All too often the press glibly praises or slights the armed forces without the slightest understanding of the gritty details. Witness the Daily Mail's ludicrous and inaccurate brouhaha over the new Bomber Command memorial in Hyde Park.

There are rumours that the Government wants to scuttle the scheme, but without it MPs would have to rely on their own prejudice or that of the press – which would not be wise.

You can't pick'n'mix Leviticus

One of those at the Church House event was Desmond Swayne, the Tory MP for the New Forest West. He has written a far cleverer and bolder letter than I to constituents who moan about the prohibition on homosexuality in Leviticus 18:22. In his letter, he points out that by the same logic you can have slaves so long as you buy them in a foreign market (Leviticus 25:44), but you can have no contact whatever with a woman during her period (Leviticus 15: 19-24), and you may not approach God's altar if you have a sight impediment (Leviticus 21:20). For good measure, he adds that it is lawful for you to sell your daughters into slavery (Exodus 21:7), but people who work on the Sabbath should be put to death (Exodus 35:2). He asks whether the abomination of eating shellfish is as abominable as the abomination of homosexuality. And is the punishment for wearing clothes with mixed threads the same as for planting different crops in the same field (Leviticus 19:19)?

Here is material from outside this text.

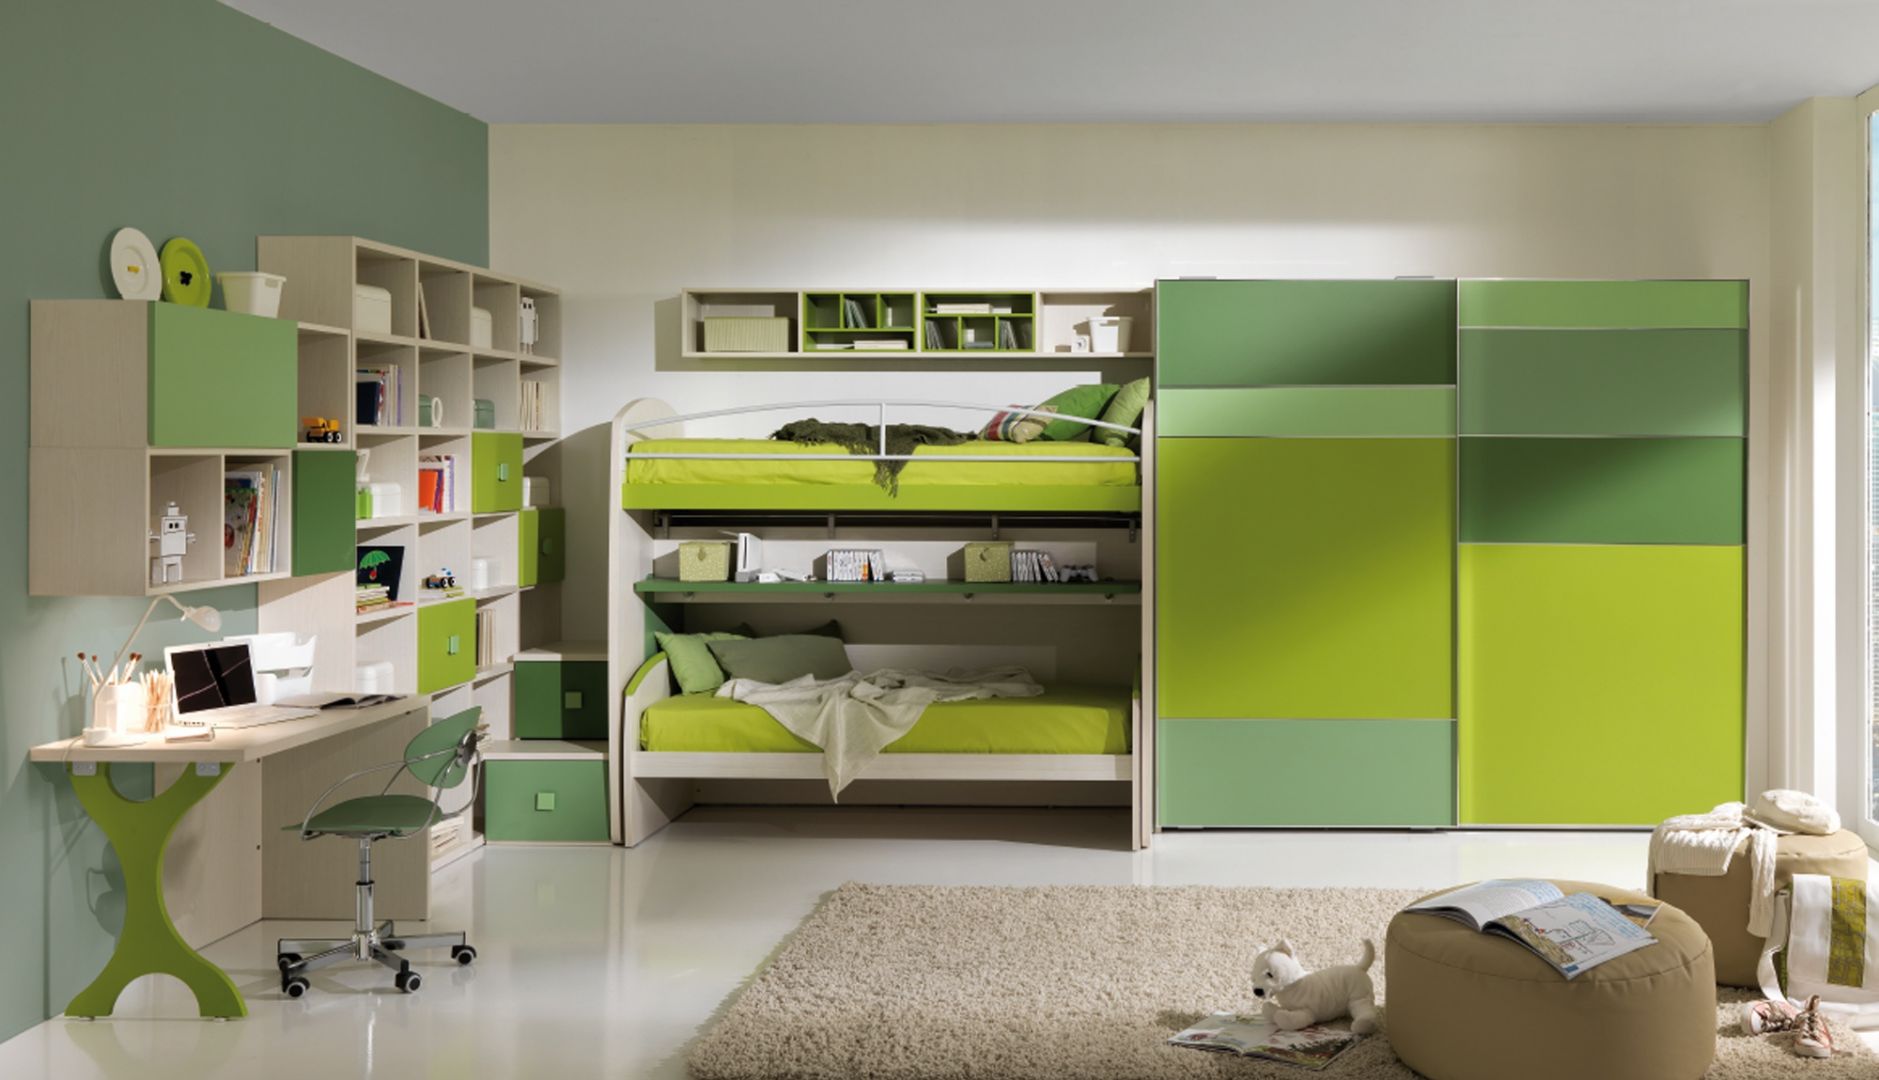 Piętrowe łóżko, przestronna szafa, ogromna ilość miejsca na książki, dzięki kubikowym półkom, a także biurko. Wszystko utrzymane w kolorach zieleni. Fot. Giessegi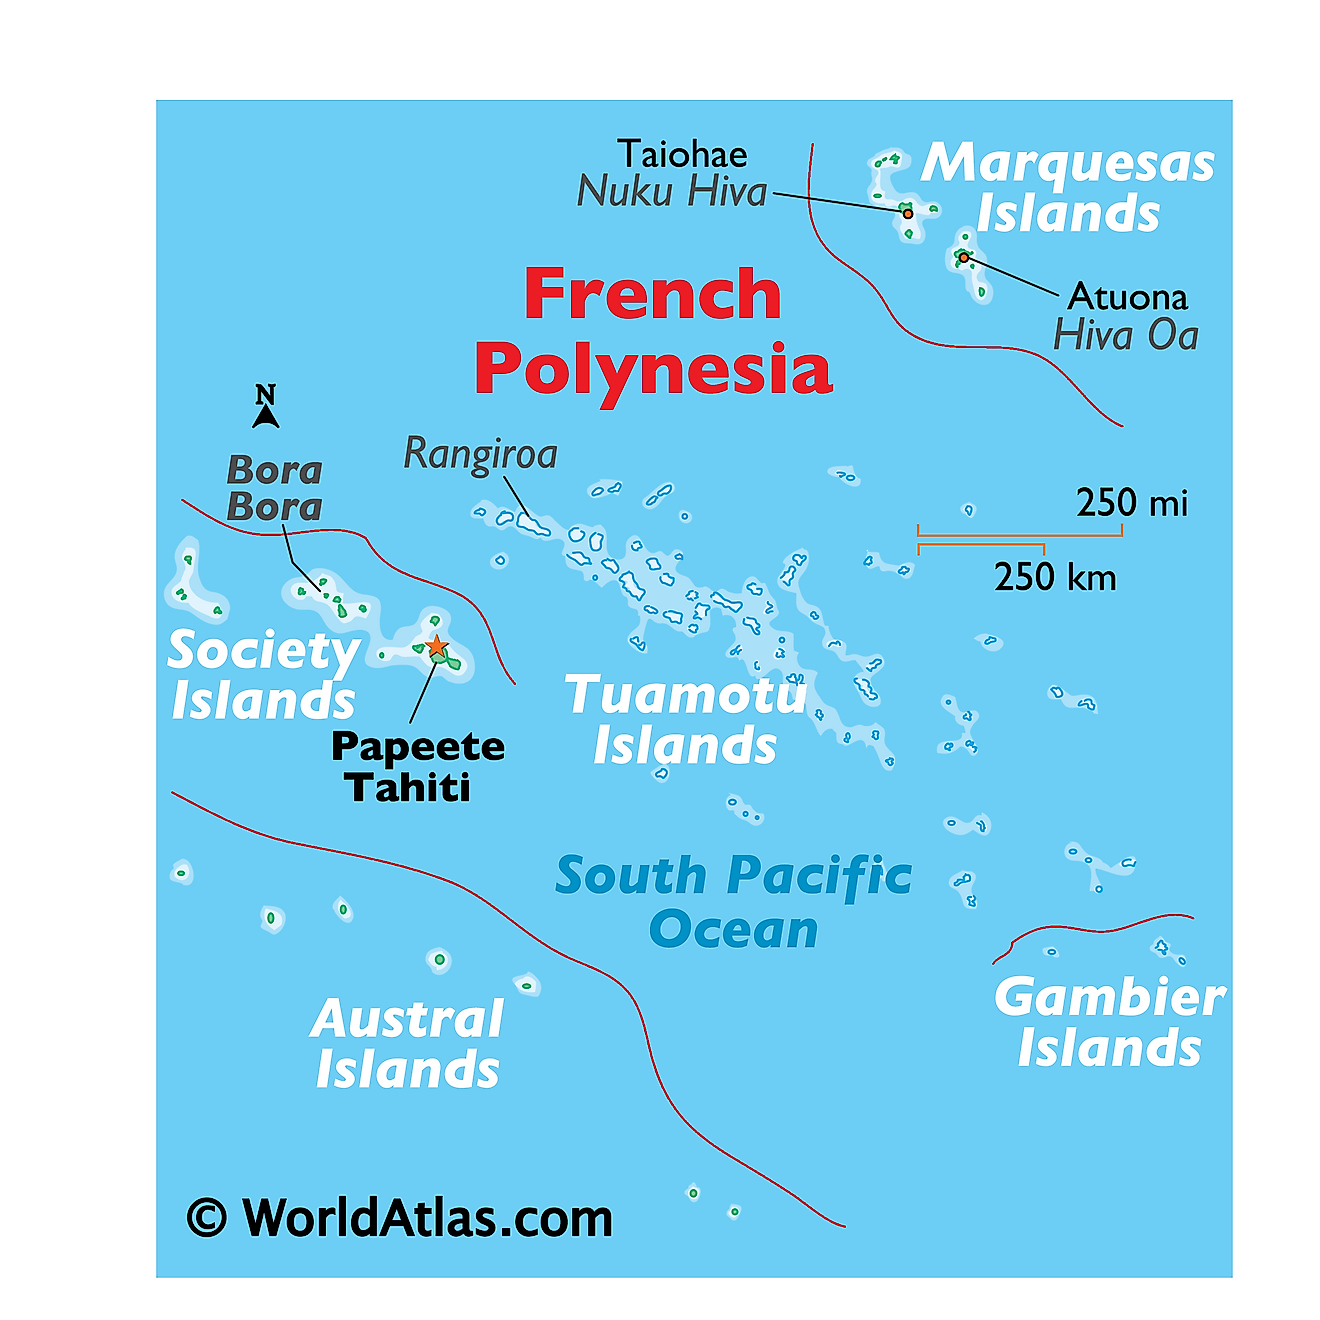 Mapa físico de la Polinesia Francesa que muestra los principales grupos de islas.

He ends with a flourish, "Is it really necessary to turn out the whole village to stone the offenders (Leviticus 24: 10-16)? Wouldn't it be simpler just to burn them in the same way as we do anyone who has sex with their in-laws (Leviticus 20:14)? I really hope you can help. There are still plenty more questions where these came from." I'm glad he's not sitting on the fence on marriage equality.

A secret code at the Leveson Inquiry

We all know that many of the witnesses at the Leveson Inquiry have been coached, but I'm struck by the ties the men have chosen. Cameron's was a plain satin number in evangelical bishop purple. Hunt wore a light blue patterned variety. James Murdoch wore a British tie with a stripe pointing to the left shoulder (unlike US ties which point to the right), as he did for his first select committee appearance. And most exceptionally of the lot, Rupert Murdoch wore the same light blue tie two days in a row. I'm presuming this was not because he can't afford two ties, but because the coaches had spent so long deciding which particular shade of light blue (similar to Mr Hunt's) denoted credibility that they weren't going to risk a second tie.